AIM OF THE TASK => In the copy, keep every line below as it is and leave out the pictures.

COLLECTED DATA =>
[Start of section]
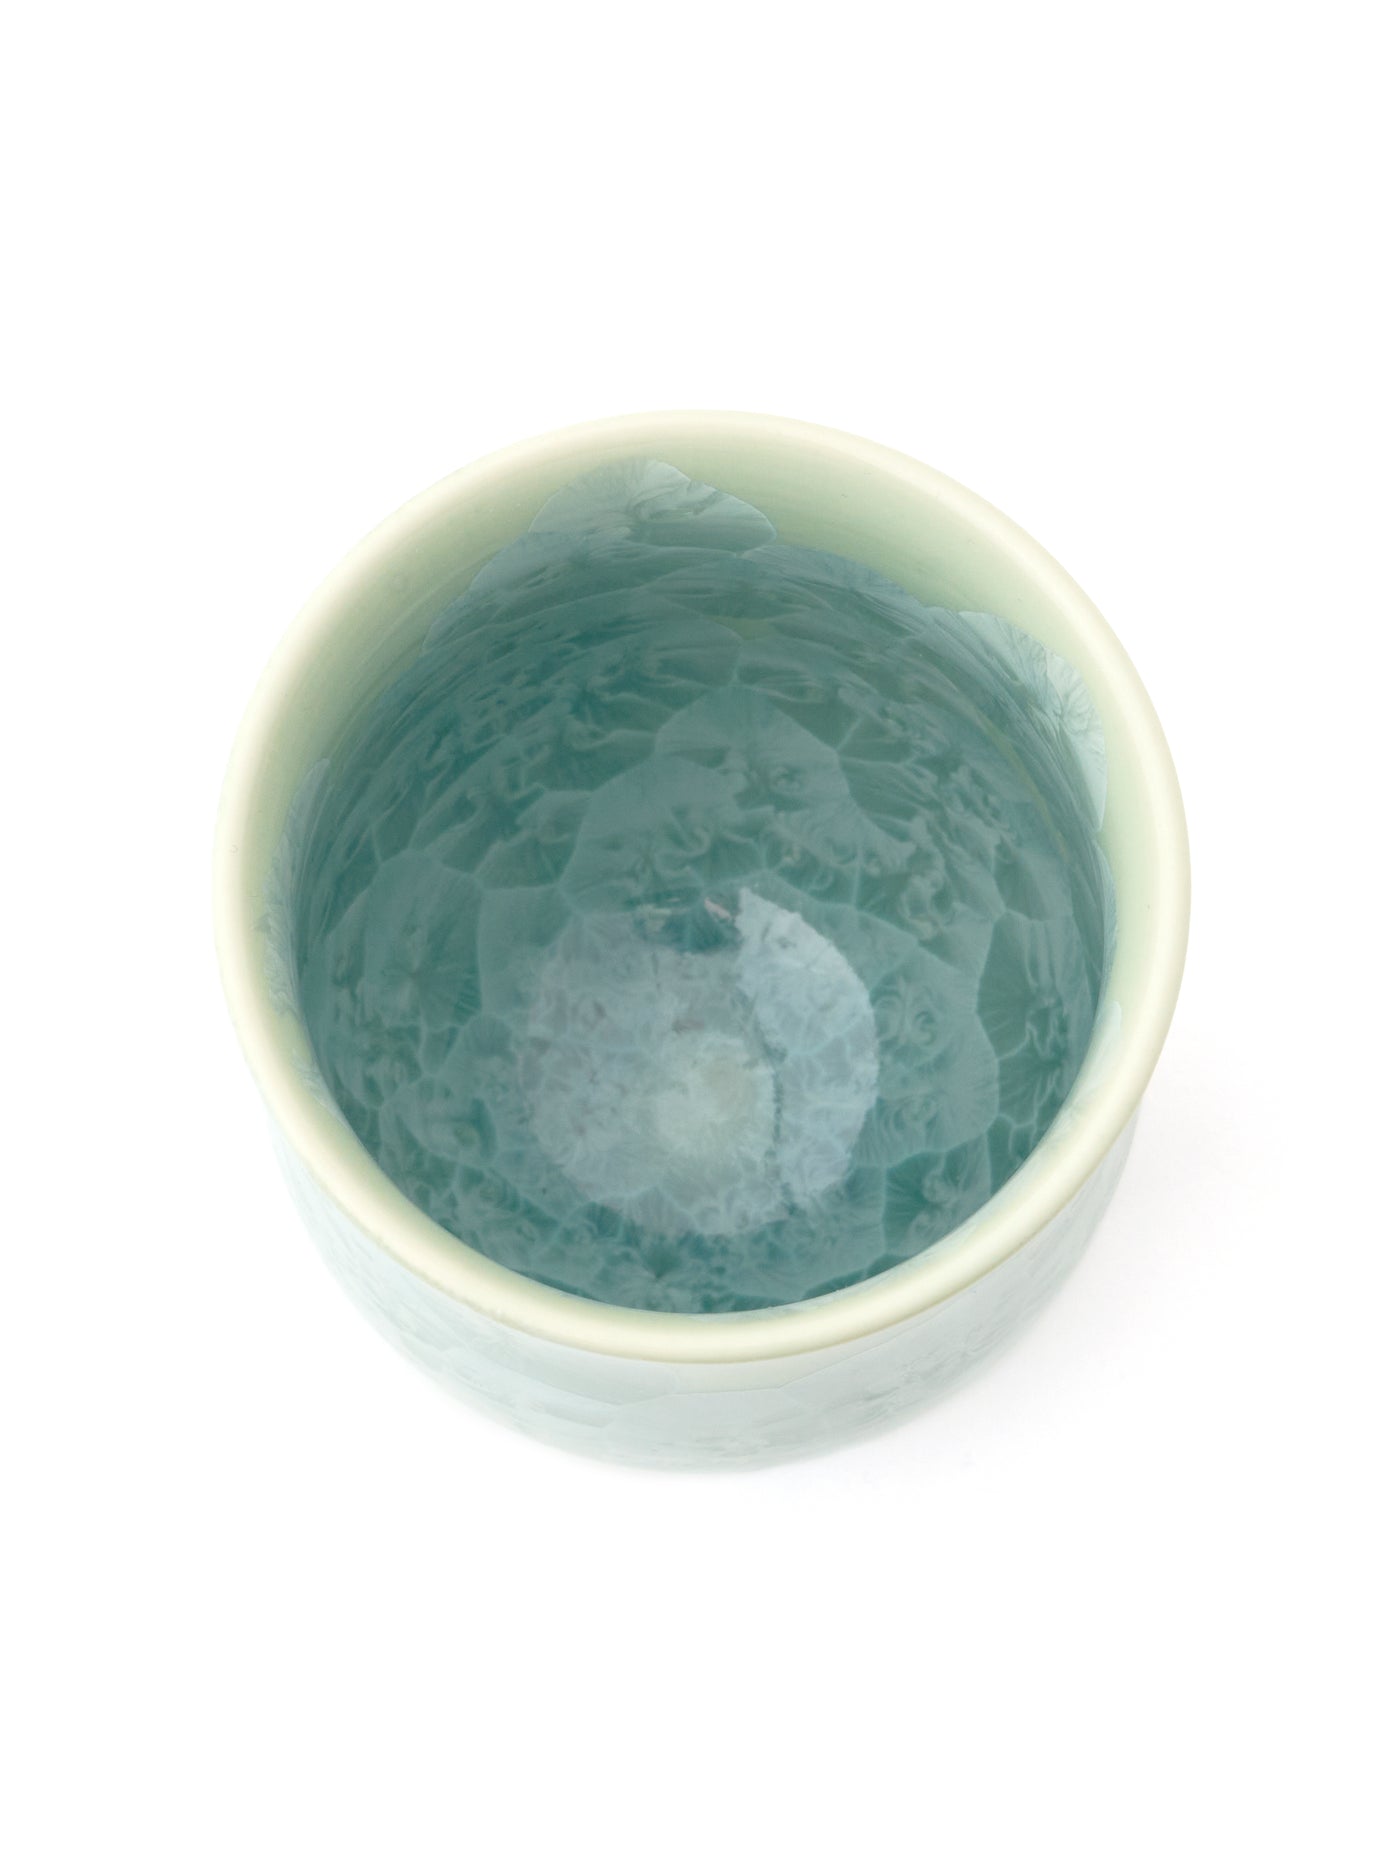 Green Crystal Kyoto Ware Yunomi Teacup Set by Touan (7fl.oz/200ml)
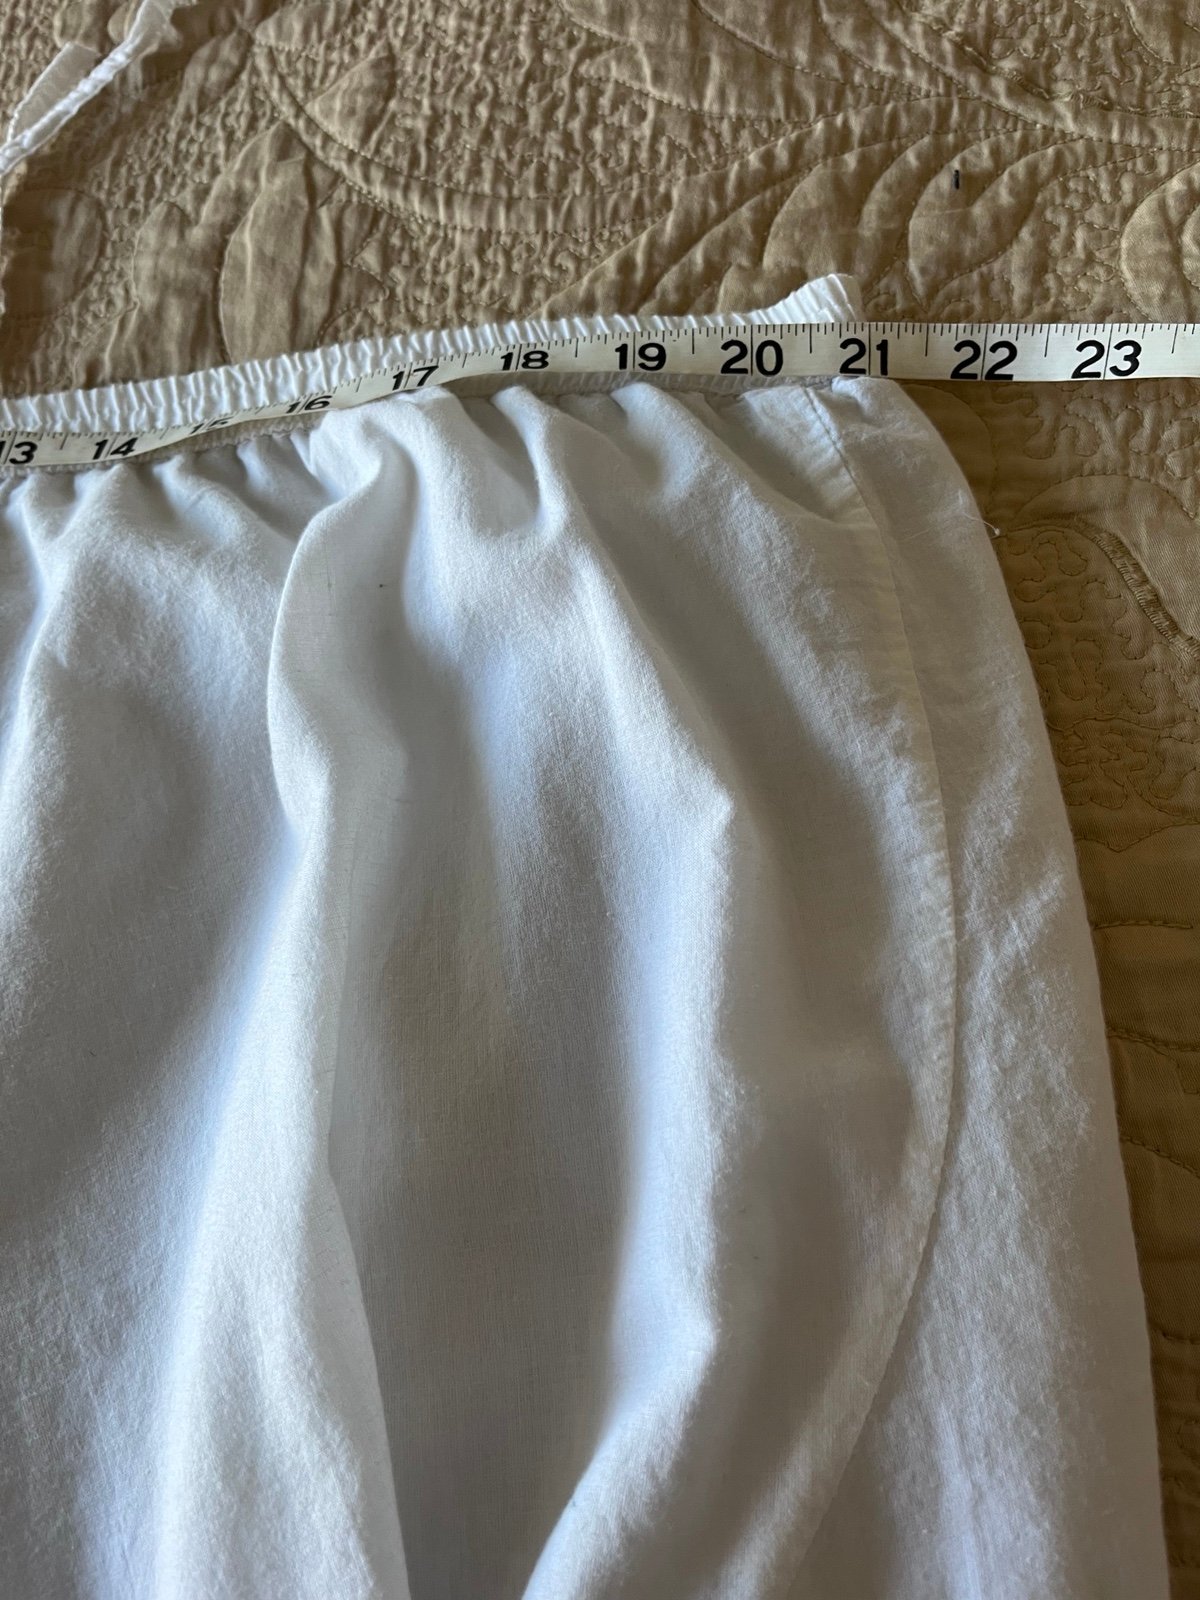 Cheap Metrowear 3X white Cotton Skirt Preowned KIQ9xY68G outlet online shop
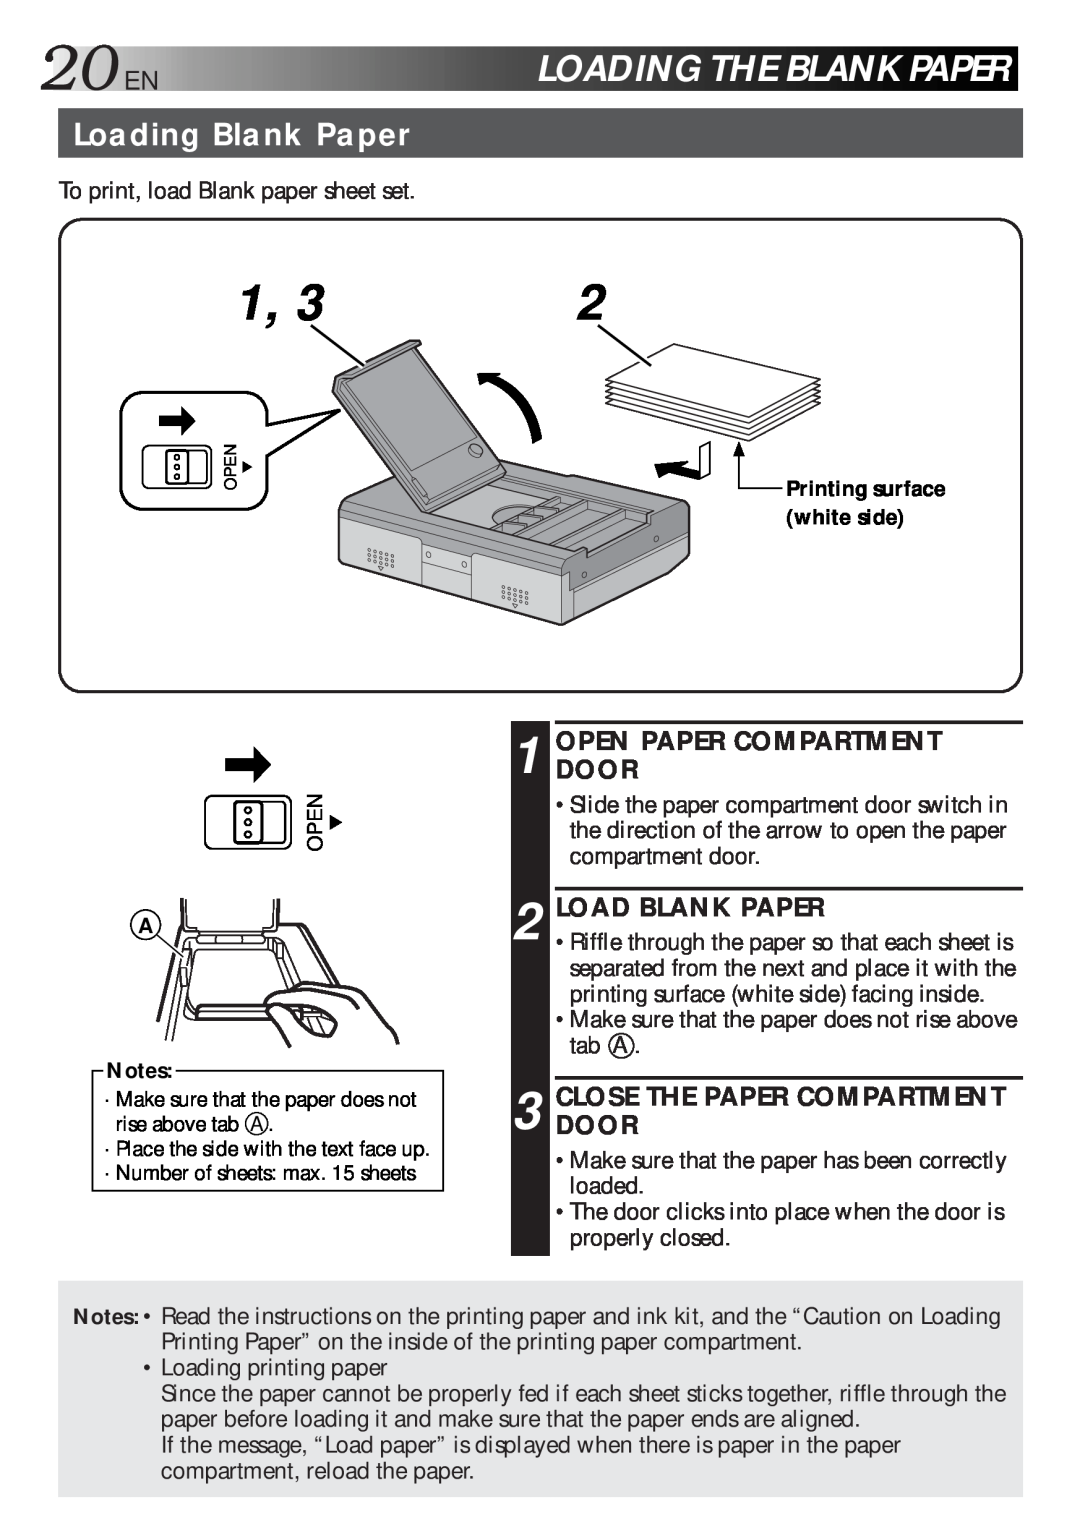 JVC GV-HT1 manual 20EN LOADINGTHE BLANKPAPER, Loading Blank Paper, Opendoorpaper Compartment, Load Blank Paper
[End of section]
ANSWER FOR THE TASK =>
 Green Crystal Kyoto Ware Yunomi Teacup Set by Touan (7fl.oz/200ml)
 Cheap Metrowear 3X white Cotton Skirt Preowned KIQ9xY68G outlet online shop
 JVC GV-HT1 manual 20EN LOADINGTHE BLANKPAPER, Loading Blank Paper, Opendoorpaper Compartment, Load Blank Paper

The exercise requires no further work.